Dieter Menne 15 Juli 2017
In the paper by Hoad et al. (2015), two different methods to measure gastric content volume (GCV) were compared, by MRI and by gamma scintigraphy. A regression line was computed which is the best prediction of GCV(MRI) given GCV(Scintigraphy). The slope was close to 1, which was interpreted that both methods were equivalent within the error limits.
Figure 6 from Hoad et al. (2015)
In regression, the values on the x and y axis are not equal before the mathematics. The regression slope is determined under the assumption that the values on the horizontal axis measured by scintigraphy are known without error (“given”), and those on the y axis from the MRI records are error-affected. Thus regression parameters are good descriptors if the values on the horizontal axis are from an almost-accurate gold standard, and values on the vertical are error-affected volumes measured by MRI. In this example, both methods are not accurate, so the diagram with exchanged axes would also be valid.
In the diagrams below, artificial data were generated so that the values plotted against each other are equal on average. This simulates the case when both methods are comparable in accuracy. One should expect a slope close to 1 for the regression line.
Left: Linear regression of scintigraphic volume by MRI volume; and the same data with axes inverted (right)
The computed regression curve is shown in the inset. For the plot of
v_tc
against v_mr
, the slope is 0.88. We had expected a value of 1,
so is the smaller slope estimate a quirk of randomness?
When we plot the same data inversely, i.e. v_mr
against v_tc
, we
should expect a slope of about 1/0.88=1.1. But actually the slope of the
regression line 0.87!
This is “regression to the mean”, and has often misinterpreted, even in statistical textbooks. Do scientists get fooled by Galton’s regression to the mean? All the time!
Somewhat: Correlation is symmetrical: it does not matter if we plot
v_mr
against v_tc
, or the inverse. The correlation coeffient in both
cases is 0.88. Note: it is purely accidental that the numeric values of
the regression and the correlation are the same!
No: because the correlation coefficient does not require that both
measures are equal, only that they are linearly related. If we multiply
v_mr
by 10 and add 50, the correlation with v_tc
will remain the
same, even if the two methods produce totally different results.
Lin’s concordance index comes to the rescue. It is symmetrical, and can be interpreted similar to the well known correlation index r, with the additional requirement: we expect that the value are the same, not only related by a linear equation.

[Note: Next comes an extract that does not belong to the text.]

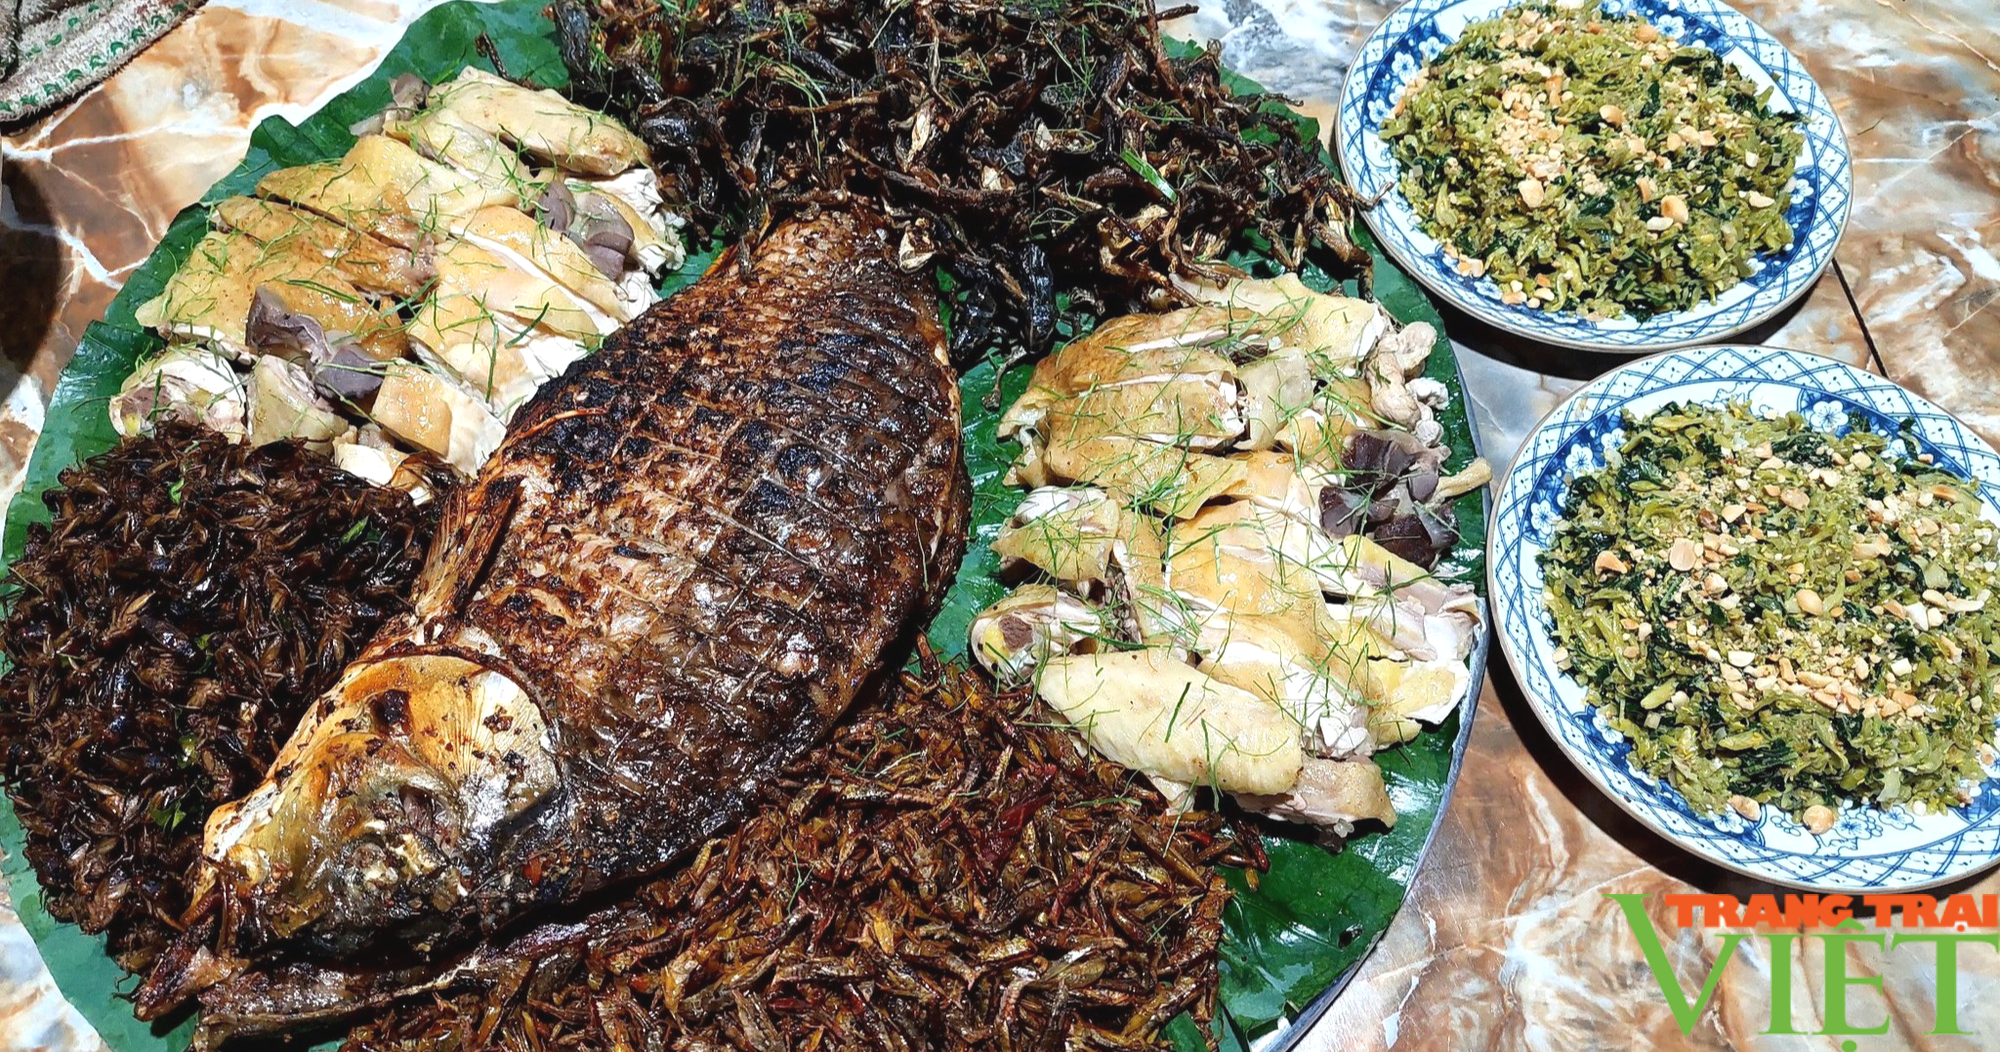 Du lịch nông nghiệp: Nông dân làm giàu từ dịch vụ câu cá kết hợp ẩm thực dân tộc (Bài 2) - Ảnh 6.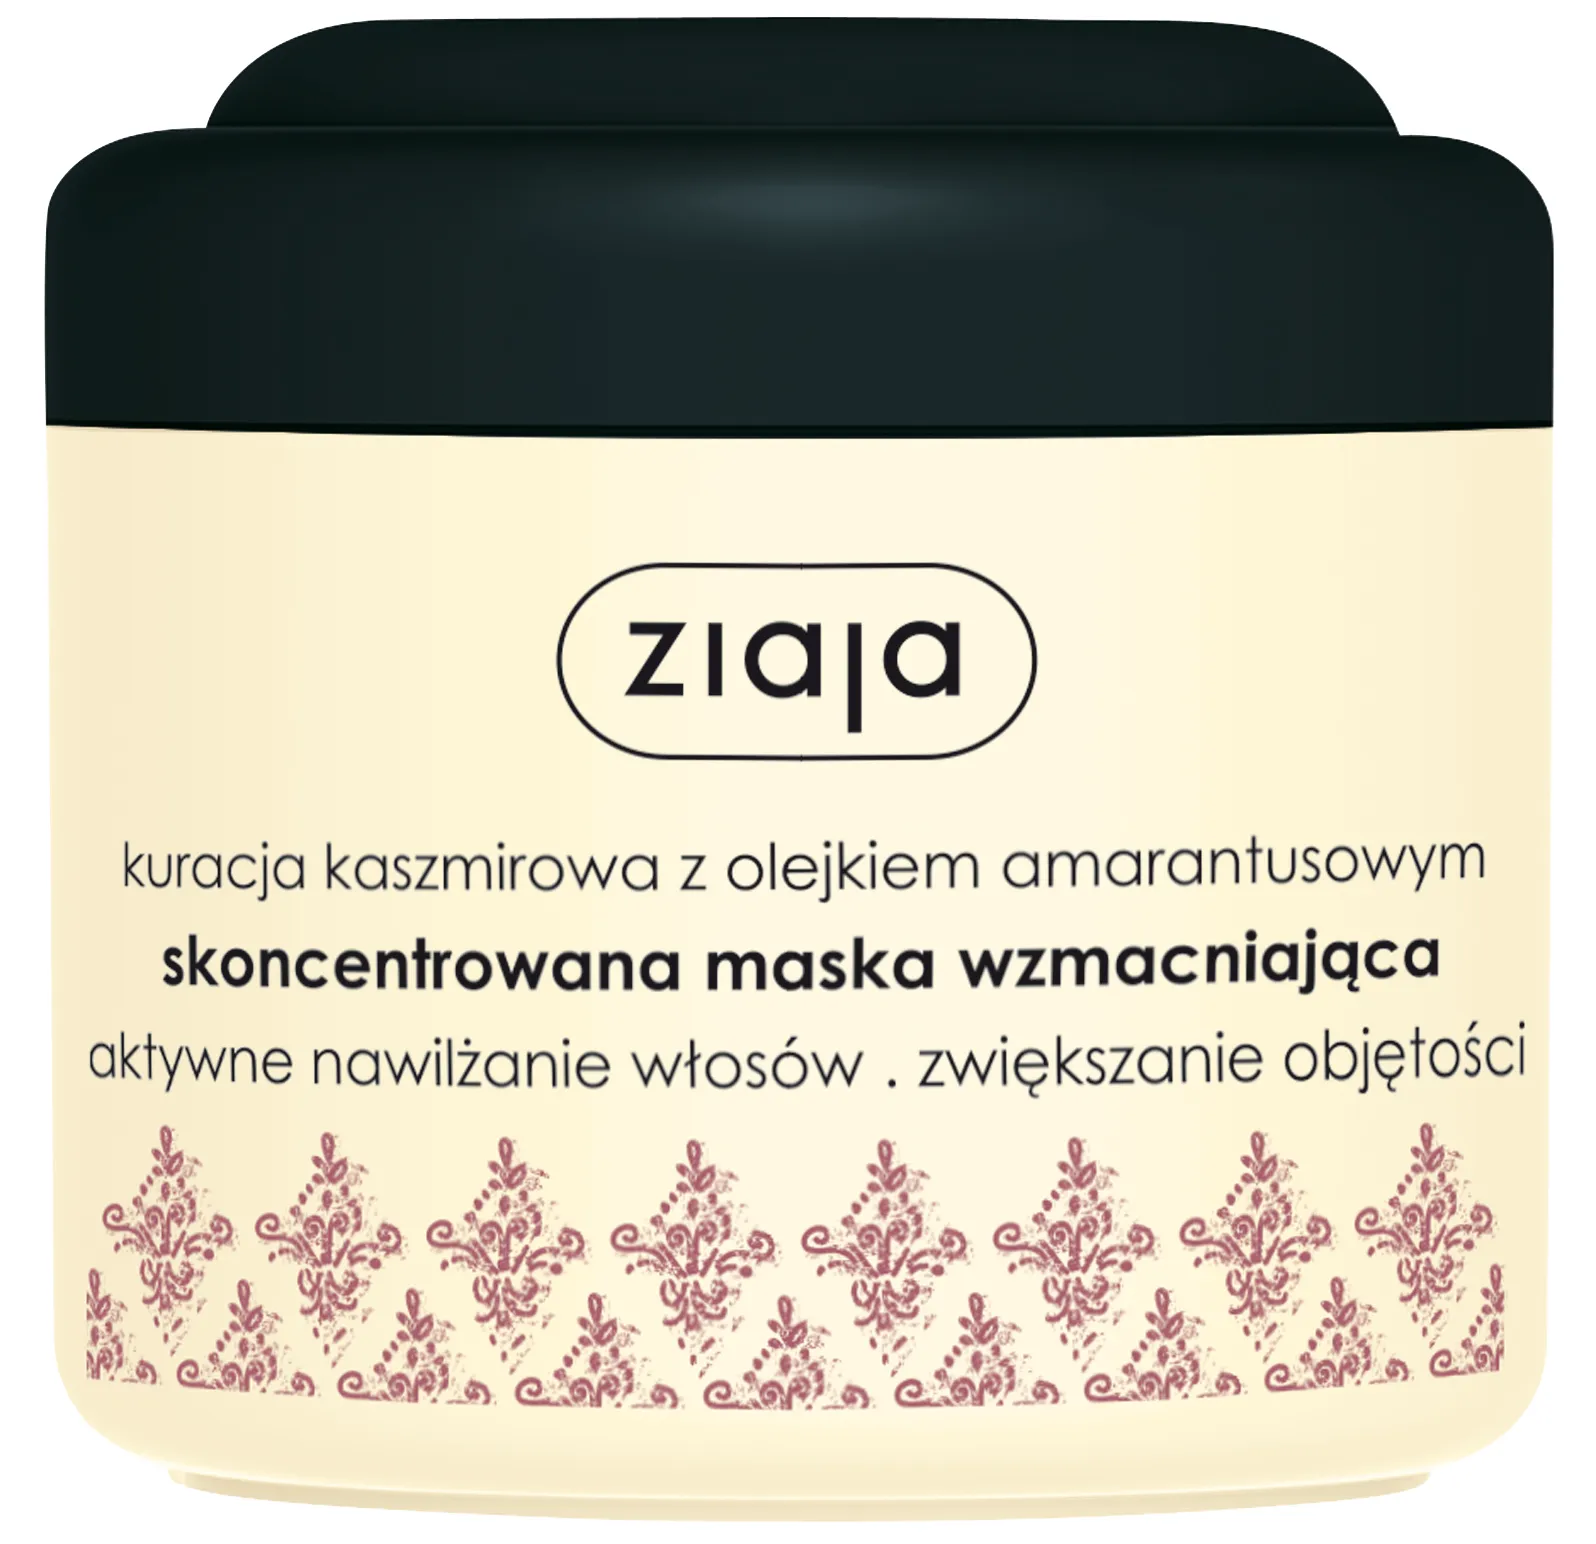 Ziaja Kaszmirowa, maska do włosów wzmacniająca, 200 ml

Lin’s concordance index has a value of 0.87 for these artifical data.
This is similar to the value of the correlation index, but keep in mind
that the data were created to be equal. If we would multiply v_tc
by
10, the correlation index r would not change, but the concordance index
becomes 0.01, indicating that both methods give markedly different
results.
I have made fun of medical researcher’s tendency to reduce statistics to p-values, Bland-Altman-plots and AUC. Nevertheless, here is a case where a so-called Bland-Altman plot can be used to illustrate the relation between the data without singling out one of the two methods as the error-free gold-standard.
Bland-Altman plot of the difference between against the average of two methods. The cloud is symmetrically distributed around the horizontal axis, and there is no trend. This indicates that both methods are approximately equivalent.
The principal component line can be regarded as a regression line where both axes are on a par. It is therefore better suited to show how two different methods for gastric volume measurements are related.
# http://geog.uoregon.edu/GeogR/topics/pca.html
#
# Data frame d has two columns, one for each method
fit = princomp(d)
load = fit$loadings
slope = (load[2,]/load[1,])[1]
mn <- apply(d, 2, mean) # Data mean
intcpt <- mn[2]-(slope*mn[1]) # Intercept
#
# Compute regression
lmfit = coef(lm(v_mr~v_tc, data = d))
plot(d, cex = 0.5, pch = 16) # plot data
abline(intcpt, slope[1], lwd = 2) # plot principal line
abline(lmfit[1], lmfit[2], col="blue", lwd = 2) # plot regression line
It has a slope of 0.997, while the regression line has a slope 0.874.